SiteRank is a concept that every SEO should be aware, as it is likely to be a factor in modern search engine rankings. The basic concept is that a high PageRank'd page from a site full of well respected pages will do better than a high PageRank'd page from a site with few well respected pages. Respect in this case equals lots links from lots of different sites with richness of anchor text.

The lesson is that you will do better creating a quality popular site full of lots of content, than trying to game the search engines by SEO'ing your homepage to the max. You can SEO all you want, but when the engines sense a strong case of "link love" those sites will wind up in more SERPs.

What is SiteRank?
If PageRank measures the importance of an individual page, SiteRank measures the quality of a site.
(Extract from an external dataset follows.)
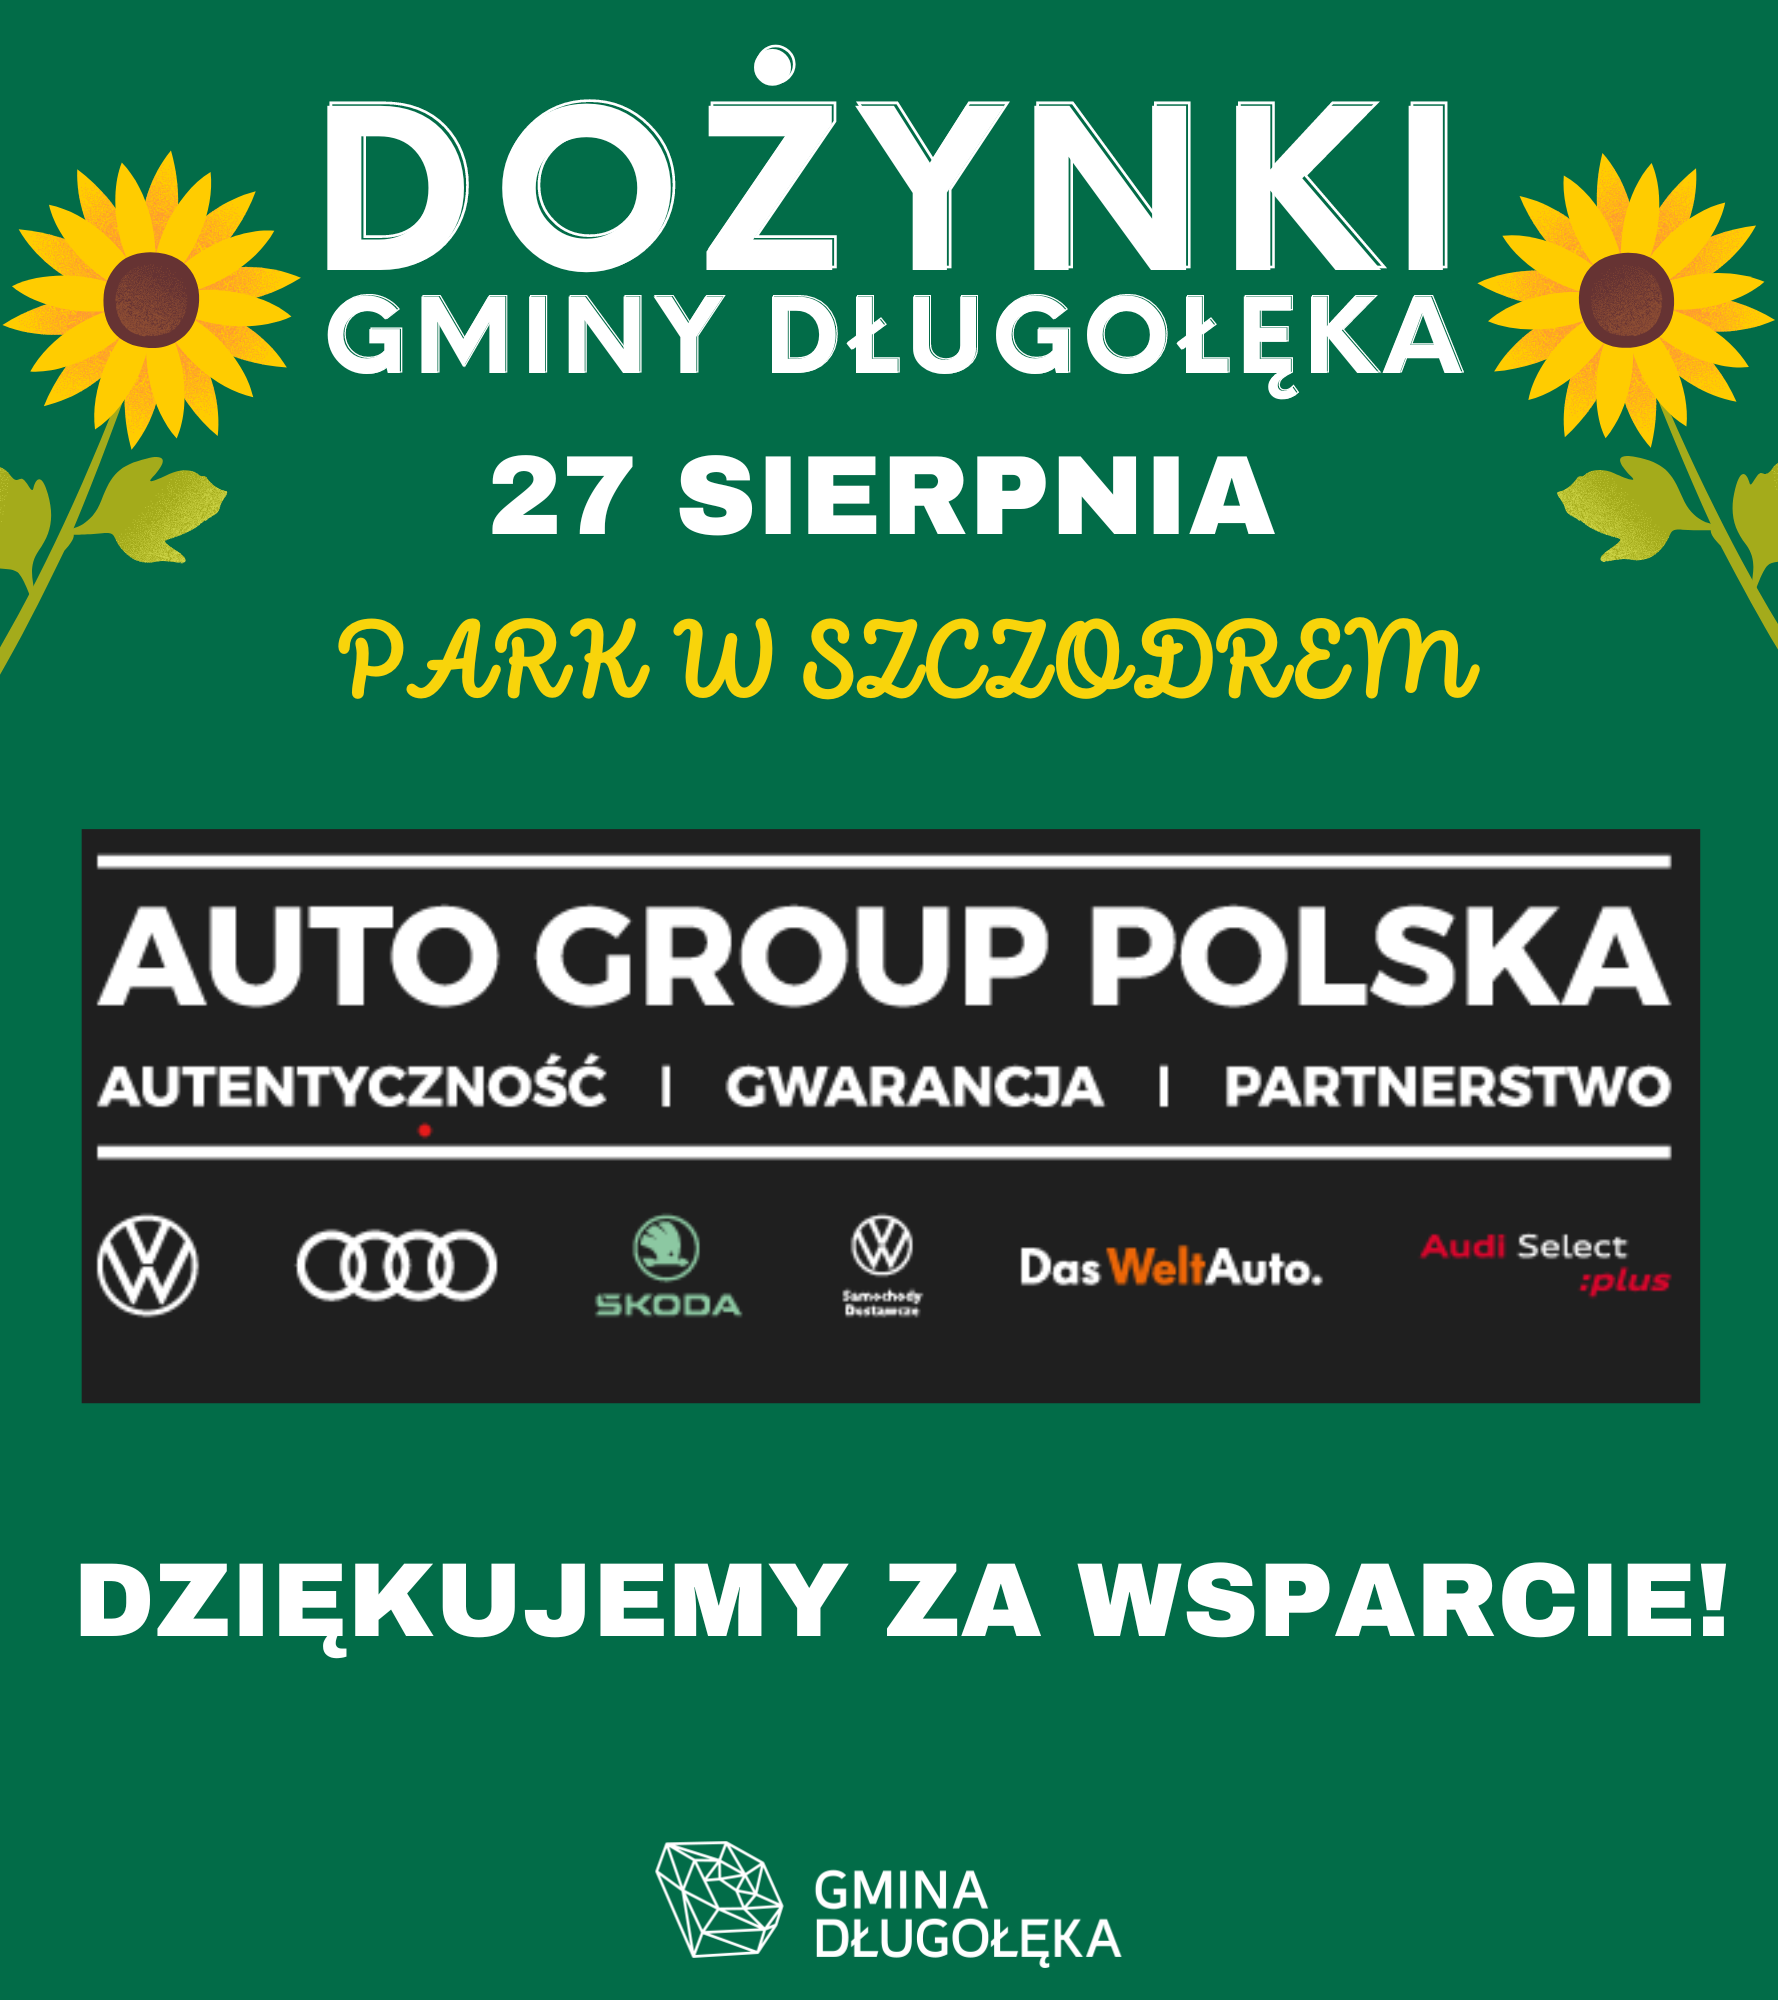 Auto Group Polska partnerem Dożynek Gminy Długołęka

Major factors that can measure the quality of a site may include:

  1. strength of content (size of the related content pages),
  2. quality of links (links from diversified sites with variant anchor text to many different pages),
  3. freshness of the content (regular update of content),
  4. uniqueness of content (less percentage of duplicate content),
  5. age of the site,
  6. outgoing links (less percentage of deadlinks and more relevant links), and
  7. Pagerank.

Why SiteRank and How Does It work?

When Sergy Brin and Larry Page (Google founders) weren't happy about the search results from early search engines (lycos, excite etc.), they tried Latent Semantic Indexing (LSI) to improve the quality of search results. SLI didn't work really well. One of things they noticed that was some one-sentence page ranked #1 for very competitive search terms. So they introduced PageRank from Graphic Theory. PageRank drastically improved the quality of search results and the performance of search. A search engine can serve majority of searches using a small amount of documents. It (may) work like this:

  • if the search terms aren't specific, look at pages with higher PR pages (PR4 or higher?) only
  • if it can't find enough matching pages, search for pages with lower PRs.
  • if the search terms are very specific, search for both higher and lower PR pages.
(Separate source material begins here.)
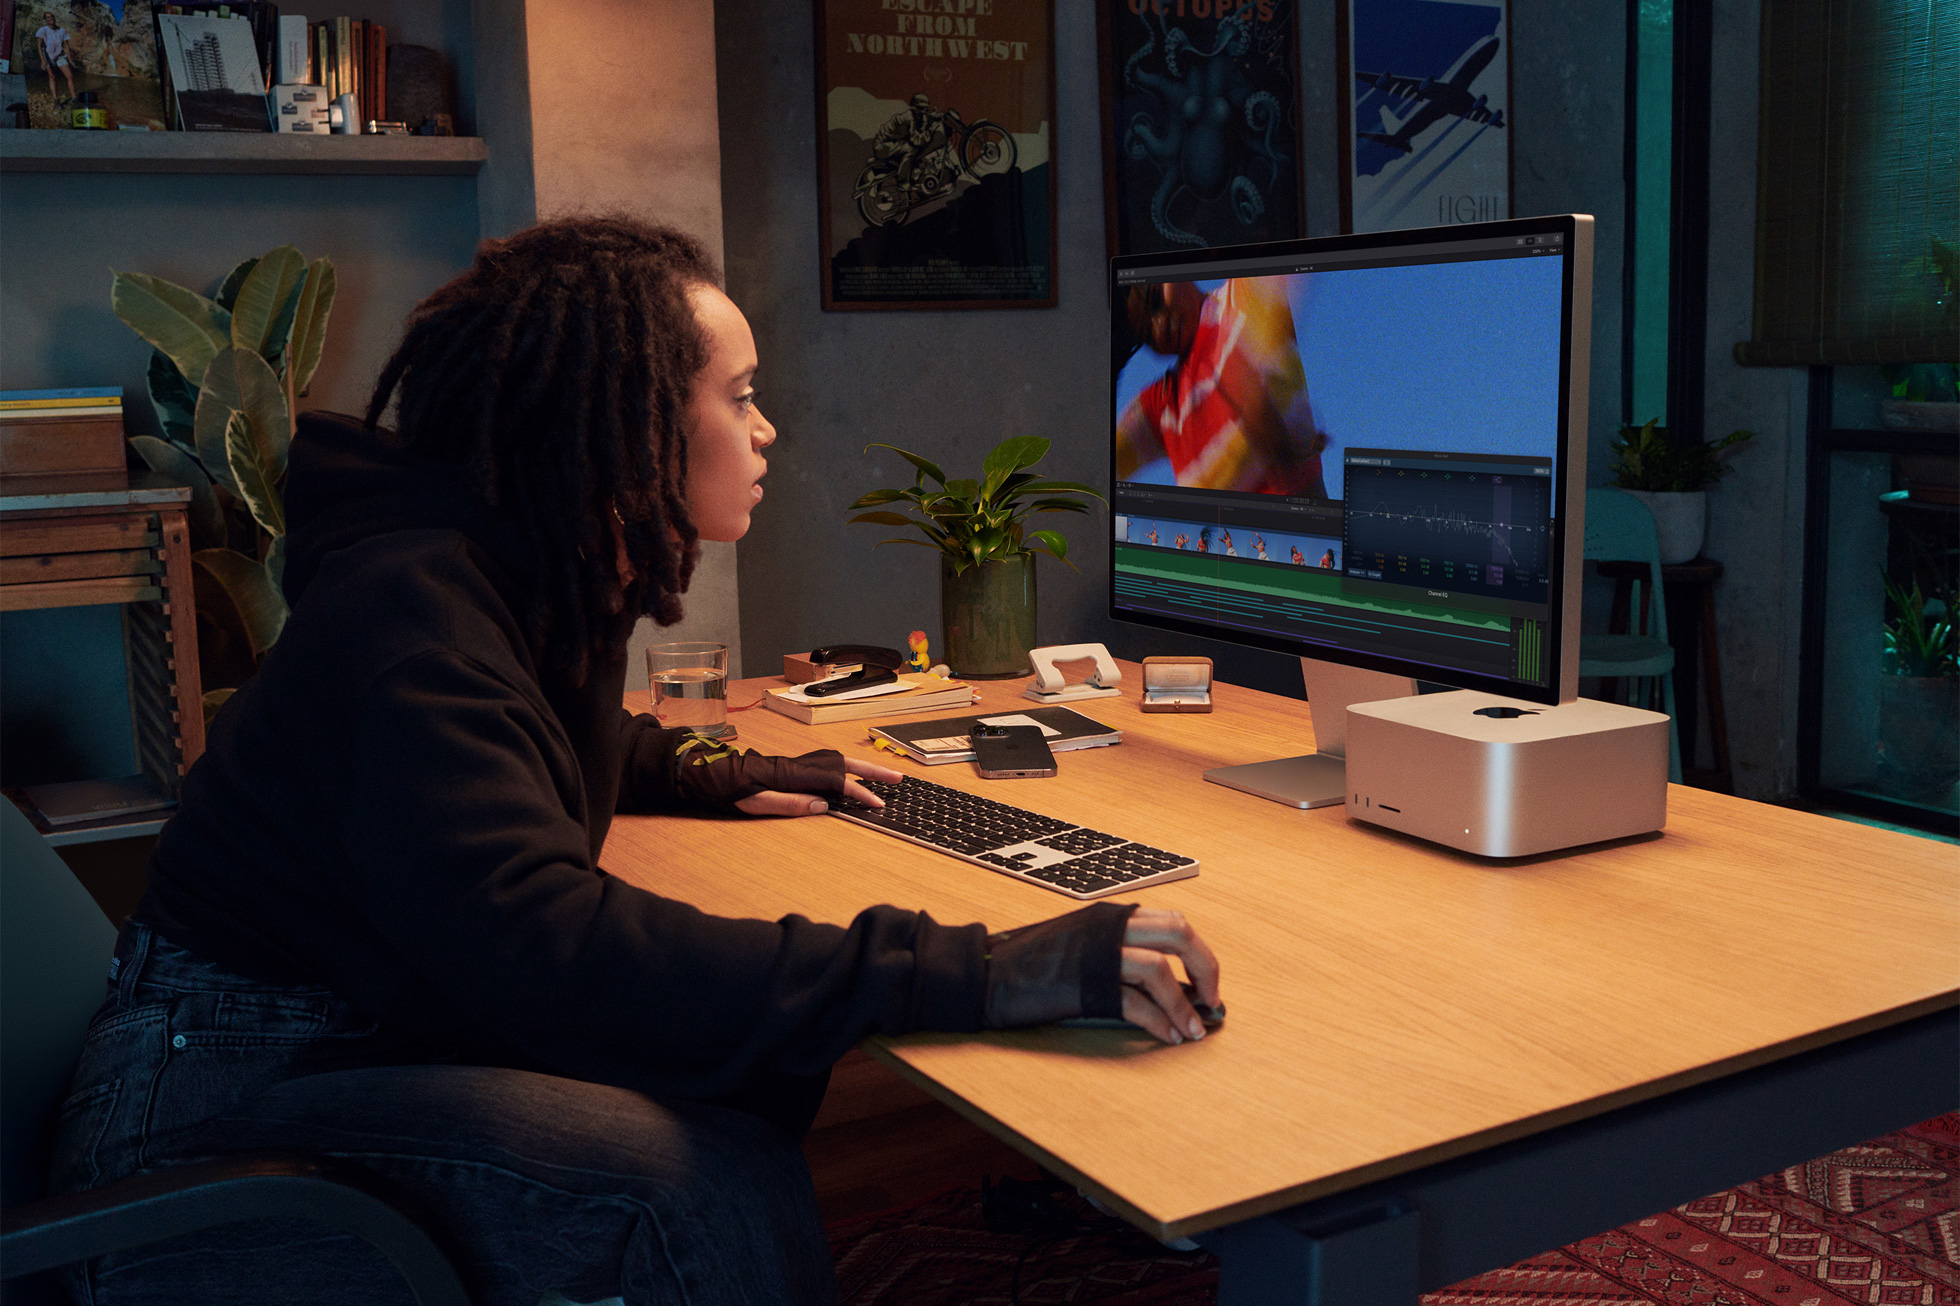 Apple Studio Display review: an ideal Mac monitor, at long last

That was when Google had a few million pages in its index database. Now with billions of pages in the index database, the new heuristic algorithm may work like this:

  • if the search terms aren't specific, look at pages from sites with higher SiteRanks (SR4 or higher?) only
  • if it can't find enough matching pages, search for pages from sites with lower SiteRanks.
  • if the search terms are very specific (more # of search words), search for pages from both higher and lower SiteRanks.
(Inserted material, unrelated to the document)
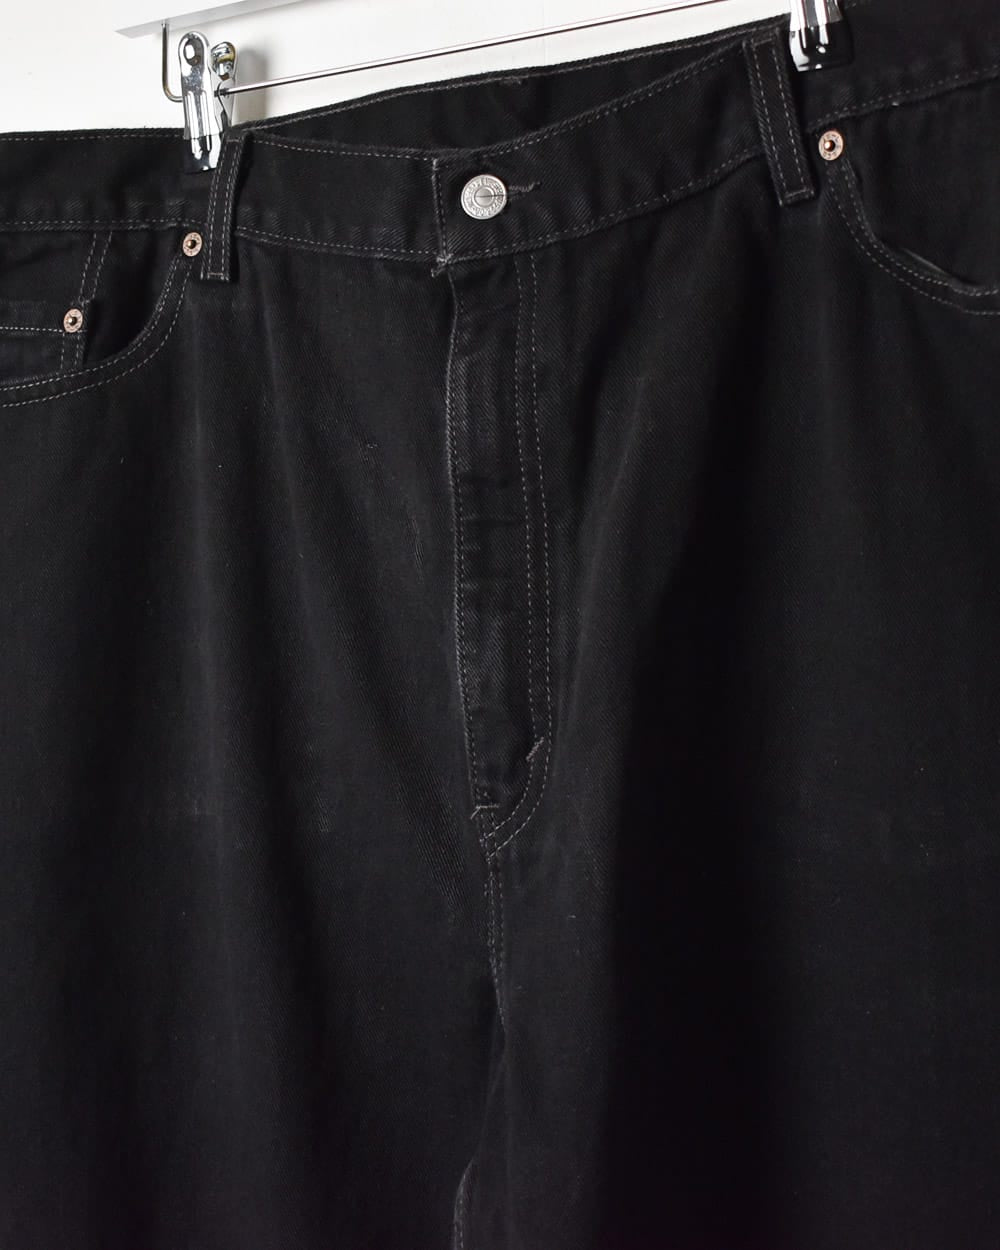 Black Levi's 550 Jeans - W32 L33

    Observation of SiteRank
  • If your site get a lot of traffic from keywords that appear only once in a page (not even in title or anchor text), your site has a very good SiteRank.
  • If your site get majority traffic from keywords that appear in title and anchor text, your site has a average or reasonable SiteRank.
  • If Pages that link to your pages are ranked higher than your page, your site has a low SiteRank.
  • Sandbox or Google Penalty - a very low SiteRank. Why adding many garbage words to your search terms can turn off Sandbox? Remember: "if the search terms are very specific (more # of search words), search for pages from both higher and lower SiteRanks".
  • Google Ban - a zero SiteRank. Google de-indexes a whole domain, not a sub-domain, not or a few directories. The algorithm work at site level.